Closed bw4sz closed 6 years ago
You can directly use the consensus functions (e.g. majority_voting
, k_modes
). Based on the figure, you can arrange the cluster assignments into the following structure and then apply the ensembles:
library(diceR)
library(tidyverse)
algorithm1 <- list(c(1, 2, 3), c(4, 5, 6), c(7, 8, 9, 10))
algorithm2 <- list(c(1, 2, 3), c(4, 6), c(5, 7, 8, 9, 10))
algorithm3 <- list(c(1, 2, 3), c(4, 6), c(5, 7, 8), c(9, 10))
pts <- seq_len(10)
res <- list(algorithm1, algorithm2, algorithm3) %>%
set_names(paste0("alg", seq_along(.))) %>%
map_df(function(a) {
map_int(pts, function(i)
which(map_lgl(a, ~ i %in% .)))
}) %>%
as.matrix()
majority_voting(res, is.relabelled = FALSE)
k_modes(res, is.relabelled = FALSE)
LCE(as.matrix(res), k = 4)
Thank you! I think this will be a helpful example for others.
I was recommended to check out this package after posting on SO. I'm wondering if you believe this is the right tool for my problem. It might make a useful case-study, i'm happy to provide a .Rmd if needed.
Short Explanation with toy reproducible code
Consider a set of points with indices 1 to 10. We are interested in assigning each value to a mutually exclusive cluster. Multiple clustering methods have already been applied to the data. The results are below.

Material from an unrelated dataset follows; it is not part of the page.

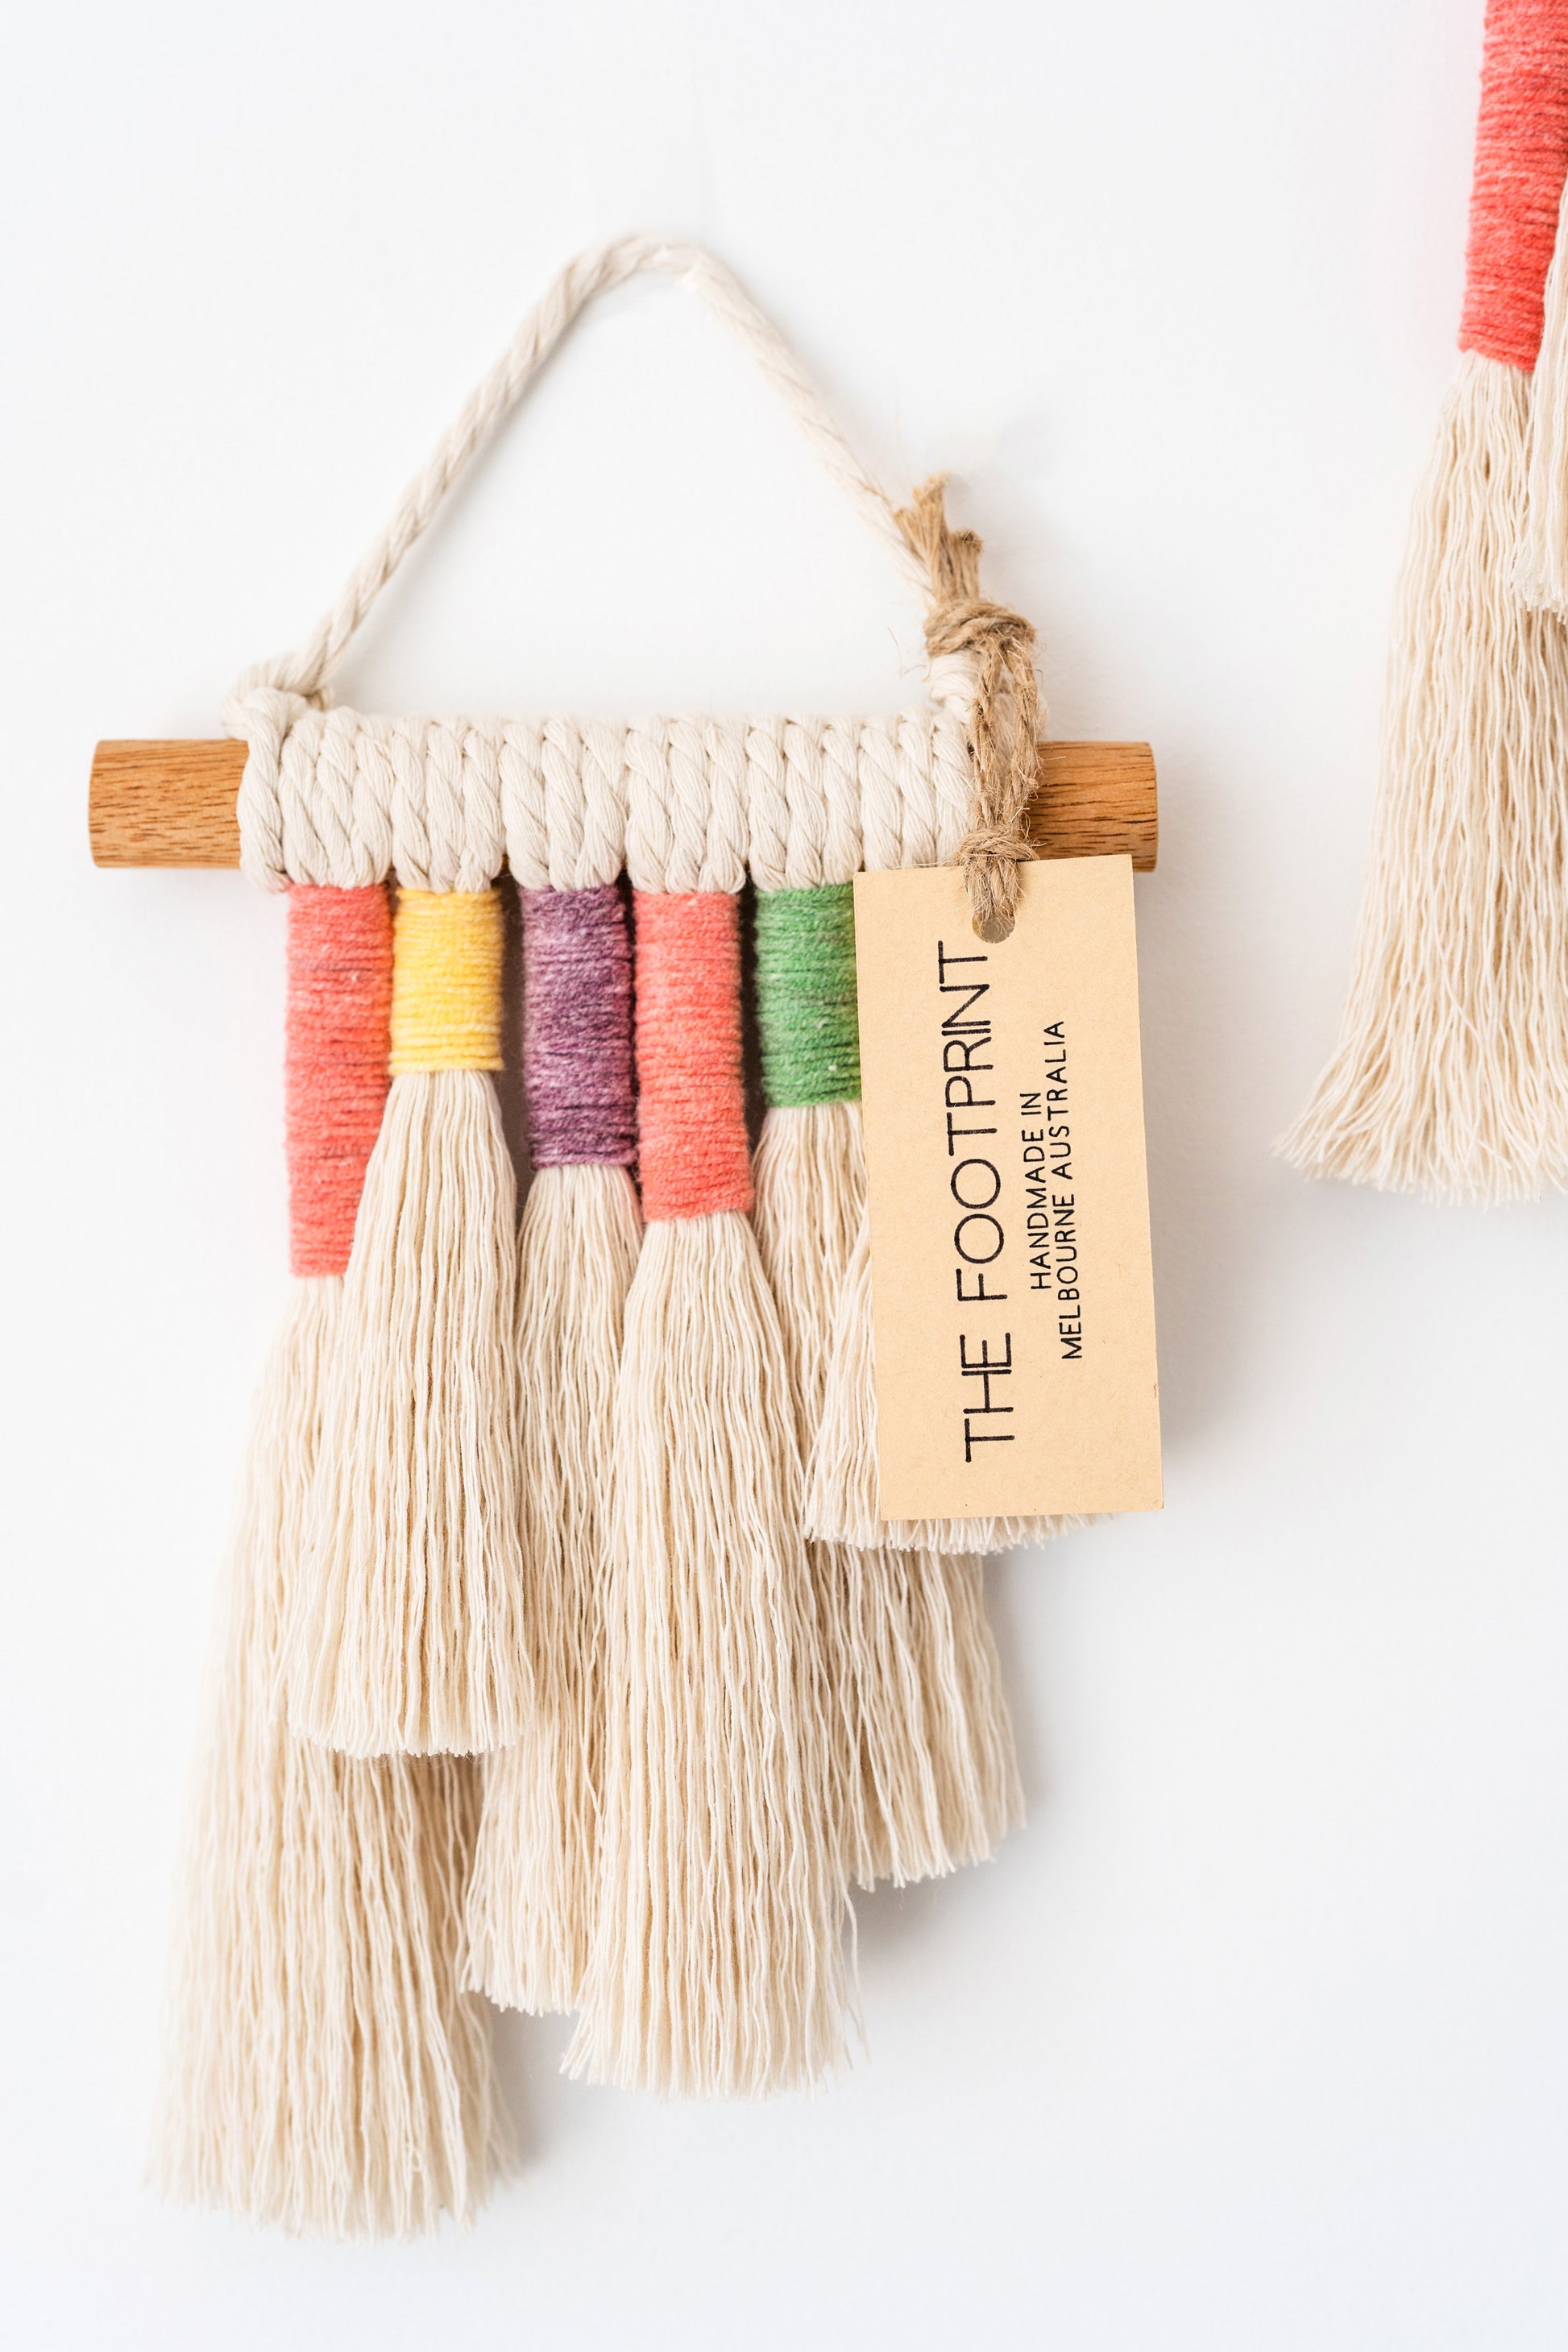 Close up photo of a mini rainbow macrame wall hanging with a product tag on it. Product tag reads The Footprint handmade in Melbourne, Australia

How can I use your consensus cluster methods to perform majority rule (or any of the other nicely implemented) voting schemes in this package? It seems that the, understandable, goal of the package is to take raw data, perform distance metrics on them, and clustering tools, and the ensembling. Can a user just perform the last steps? My clustering methods are not the kind which can be implemented here (I can explain in more detail if needed). The actual use case is in 3d lidar point cloud clustering for tree segmentation. The point cloud contains millions of points.